List all Binance symbols
List Binance symbols ending with "USDT"
List all TradingView symbols
List TradingView symbols traded on NASDAQ
List TradingView symbols starting with "BTC"
List TradingView symbols traded in Poland
List TradingView symbols traded in USD currency
List TradingView symbols that have a market capitalization of 1 trillion or higher
List all files under the current directory
List CSV files under the current directory
List CSV files under the current directory and all subdirectories
List all keys in an HDF file "data.h5"
List all keys in all HDF files under the current directory
List all schemas in a SQL database
List all tables in a SQL database

Pulling¶

Each data class has the method fetch_symbol() for fetching a single symbol and returning raw data, usually in a form of a DataFrame. To return a data instance, the method pull() should be used, which takes one or multiple symbols, calls fetch_symbol() on each one, and aligns all DataFrames. For testing, use YFData, which is easy to use but poor in terms of quality. For production, use more reliable data sources, such as CCXTData for crypto and AlpacaData for stocks. For technical analysis based on the most recent data, use TVData (TradingView).

Hint

To see what arguments a data class like YFData accepts, use vbt.phelp(vbt.YFData.fetch_symbol).

How to fetch data

data = vbt.YFData.pull("AAPL")  # (1)!
data = vbt.YFData.pull(["AAPL", "MSFT"])  # (2)!
data = vbt.YFData.pull("AAPL", start="2020")  # (3)!
data = vbt.YFData.pull("AAPL", start="2020", end="2021")  # (4)!
data = vbt.YFData.pull("AAPL", start="1 month ago")  # (5)!
data = vbt.YFData.pull("AAPL", start="1 month ago", timeframe="hourly")  # (6)!
data = vbt.YFData.pull("AAPL", tz="UTC")  # (7)!
data = vbt.YFData.pull(symbols, execute_kwargs=dict(engine="threadpool"))  # (8)!

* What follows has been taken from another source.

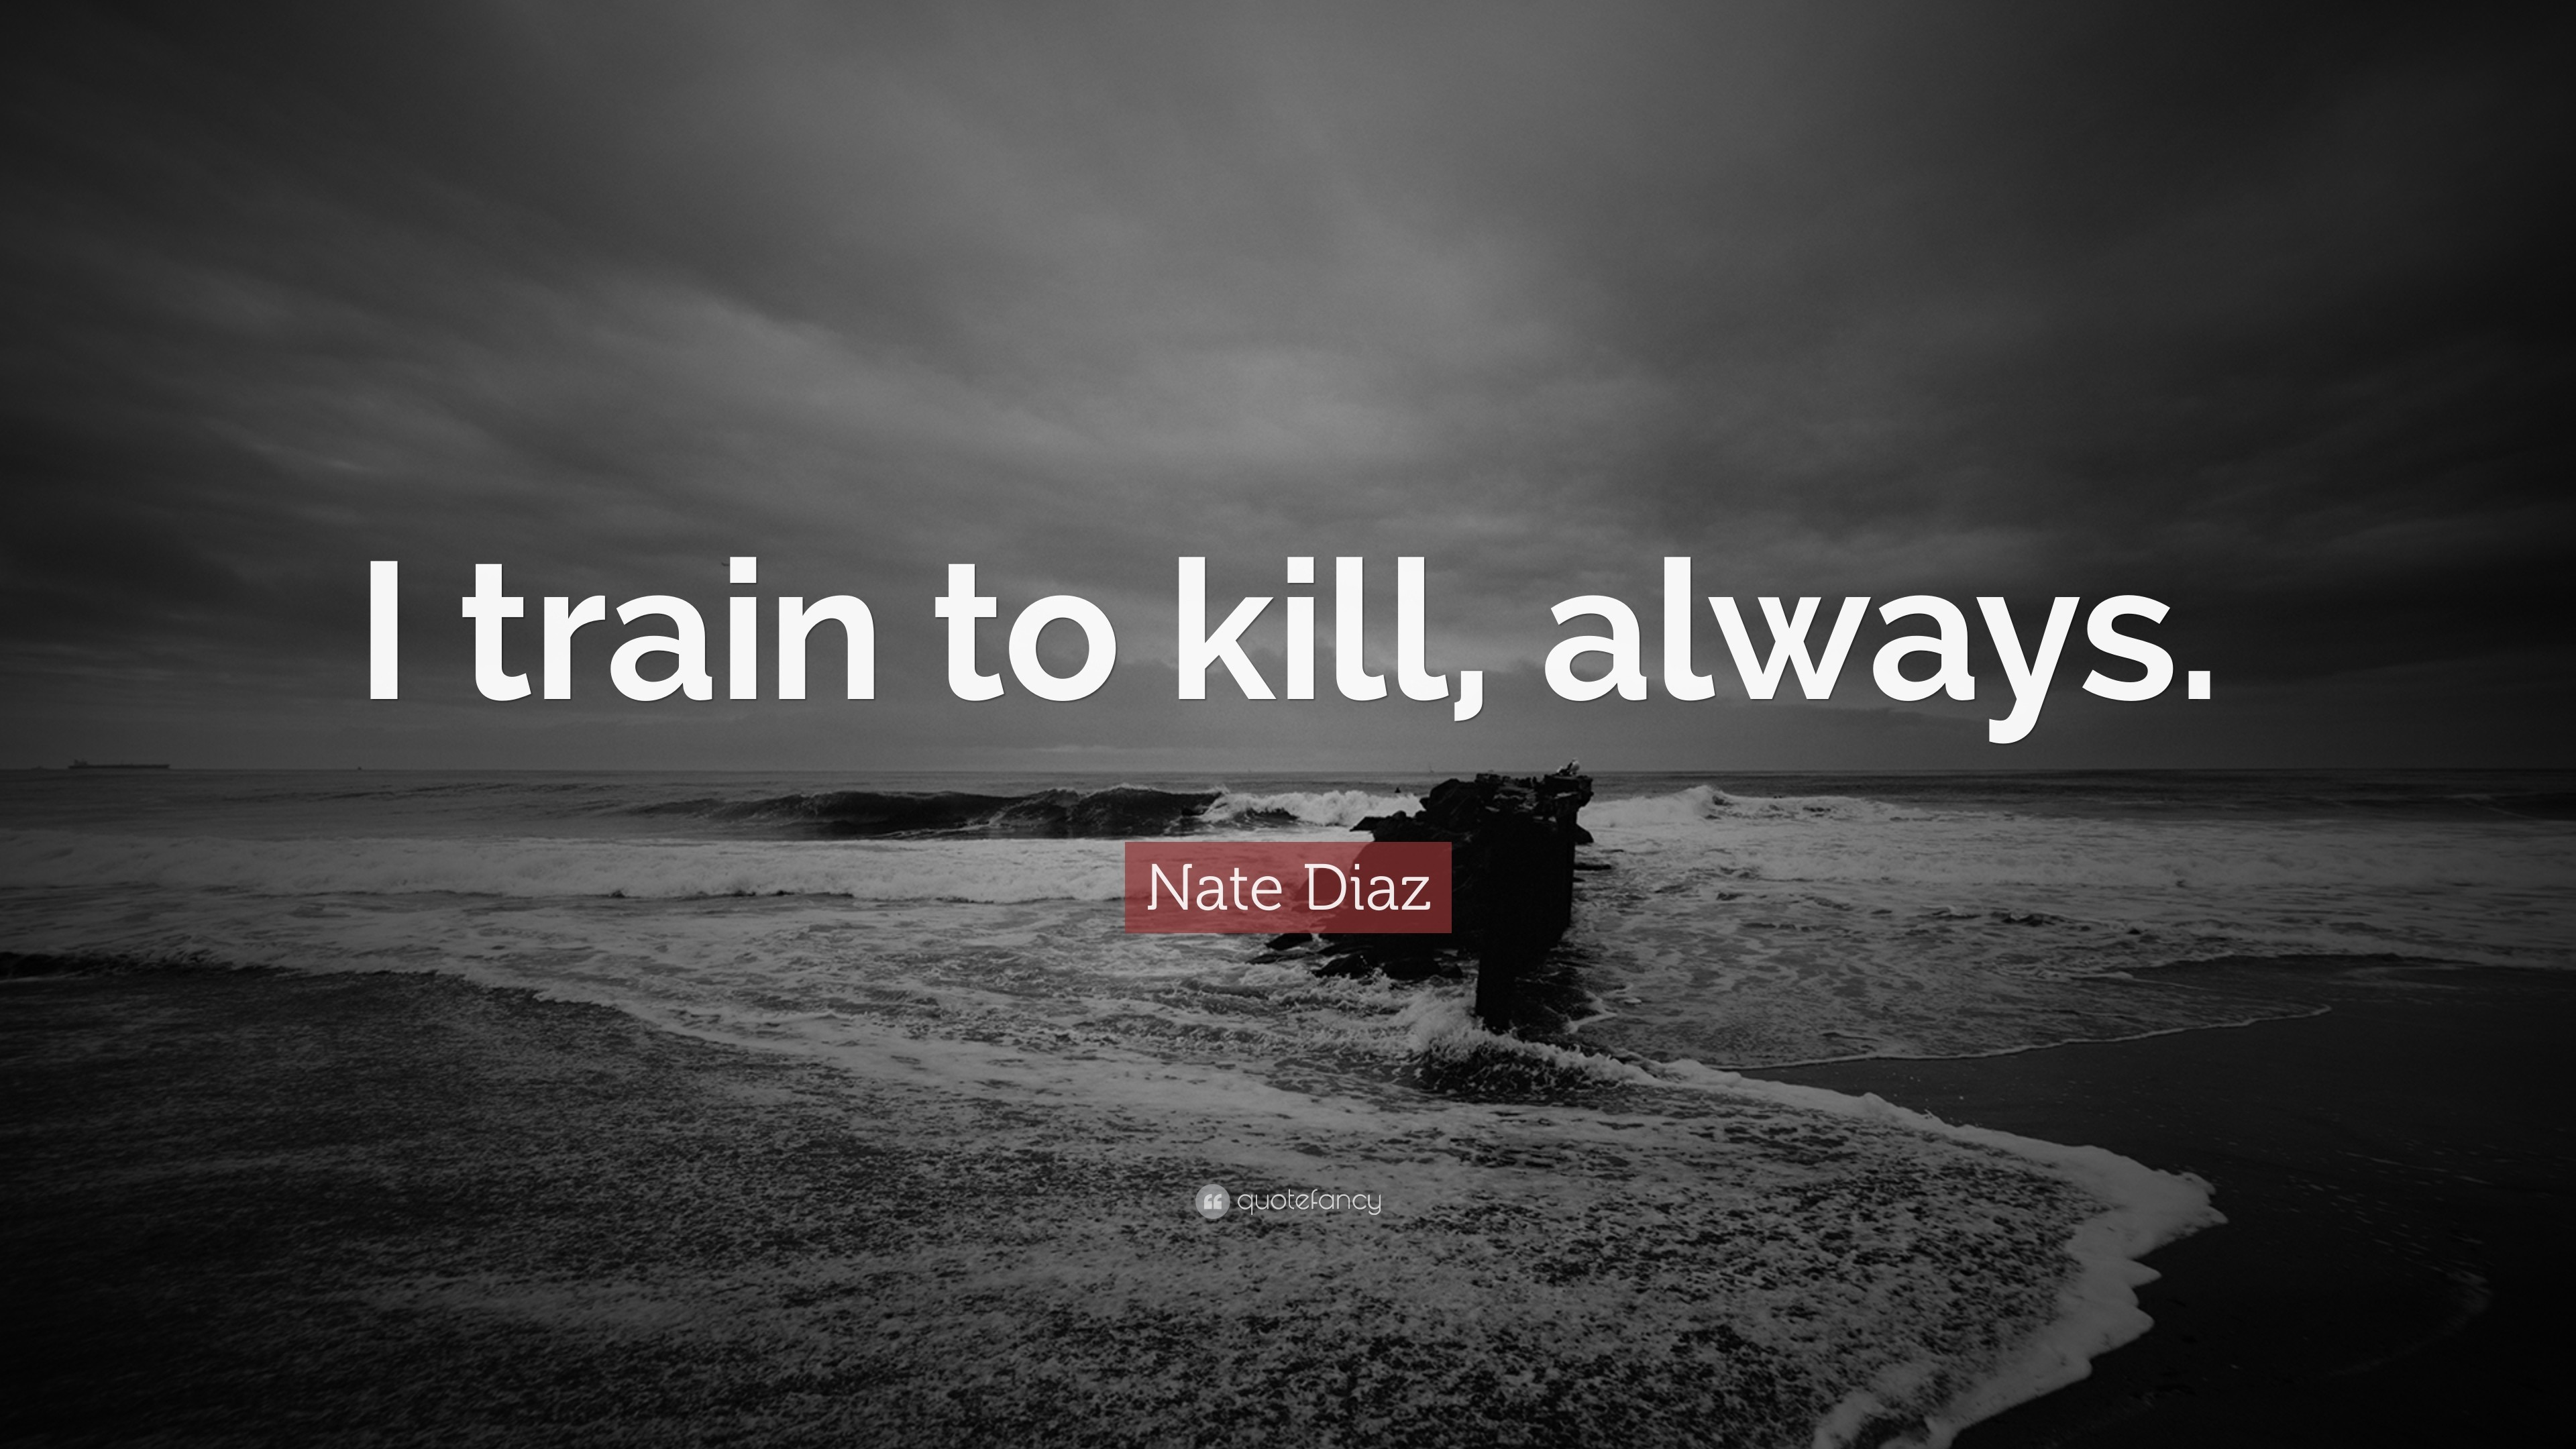 3840x2160 Nate Diaz Quote: “I train to kill, always.”

data = vbt.YFData.pull("AAPL", auto_adjust=False)  # (9)!
data = vbt.BinanceData.pull("BTCUSDT", klines_type="futures")  # (10)!
data = vbt.CCXTData.pull("BTCUSDT", exchange="binanceusdm")  # (11)!
data = vbt.BinanceData.pull("BTCUSDT", tld="us")  # (12)!
data = vbt.TVData.pull("CRYPTOCAP:TOTAL")  # (13)!

Pull all data of one symbol. Note that some data classes will return only a subset of data by default.
Pull all data of multiple symbols. They will be fetched in a sequential manner (one after another).
Pull data starting from 2020-01-01 (inclusive). Dates can be provided as strings, datetime objects, and pd.Timestamp objects. Dates are given the same timezone as the ticker unless the timezone is specified.
Pull data between 2020-01-01 (inclusive) and 2021-01-01 (exclusive)
Pull data starting 1 month ago. Both start and end arguments support human-readable strings.
Pull hourly data starting 1 month ago. Timeframes support human-readable strings.
Pull all data and convert it to the UTC timezone. Use this when multiple tickers have different timezones.
Pull multiple symbols in parallel. Note that many data providers have strict API rate limits that might lead to a ban if they are exceeded often.
Turn off auto-adjustment
Pull BTC/USDT futures data from Binance
Same as above but by using CCXT
Pass tld if you are using an exchange from the US, Japan or other TLD
Pull Crypto Total Market Cap

+

To provide different keyword arguments for different symbols, either pass an argument as symbol_dict or pass a dictionary with keyword arguments keyed by symbol as the first argument.

How to provide keyword arguments by symbol

data = vbt.TVData.pull(
    ["SPX", "NDX", "VIX"],
    exchange=vbt.symbol_dict({"SPX": "SP", "NDX": "NASDAQ", "VIX": "CBOE"})
)
data = vbt.TVData.pull({  # (1)!
    "SPX": dict(exchange="SP"),
    "NDX": dict(exchange="NASDAQ"),
    "VIX": dict(exchange="CBOE")
})
data = vbt.TVData.pull(["SP:SPX", "NASDAQ:NDX", "CBOE:VIX"])  # (2)!

Same as above
Same as above but now symbols will be prefixed by their exchange

+

If your data provider of choice takes credentials and you want to fetch multiple symbols, the client will be created for each symbol leading to multiple authentications and a slower execution. To avoid that, create the client in advance and then pass to the fetch() method.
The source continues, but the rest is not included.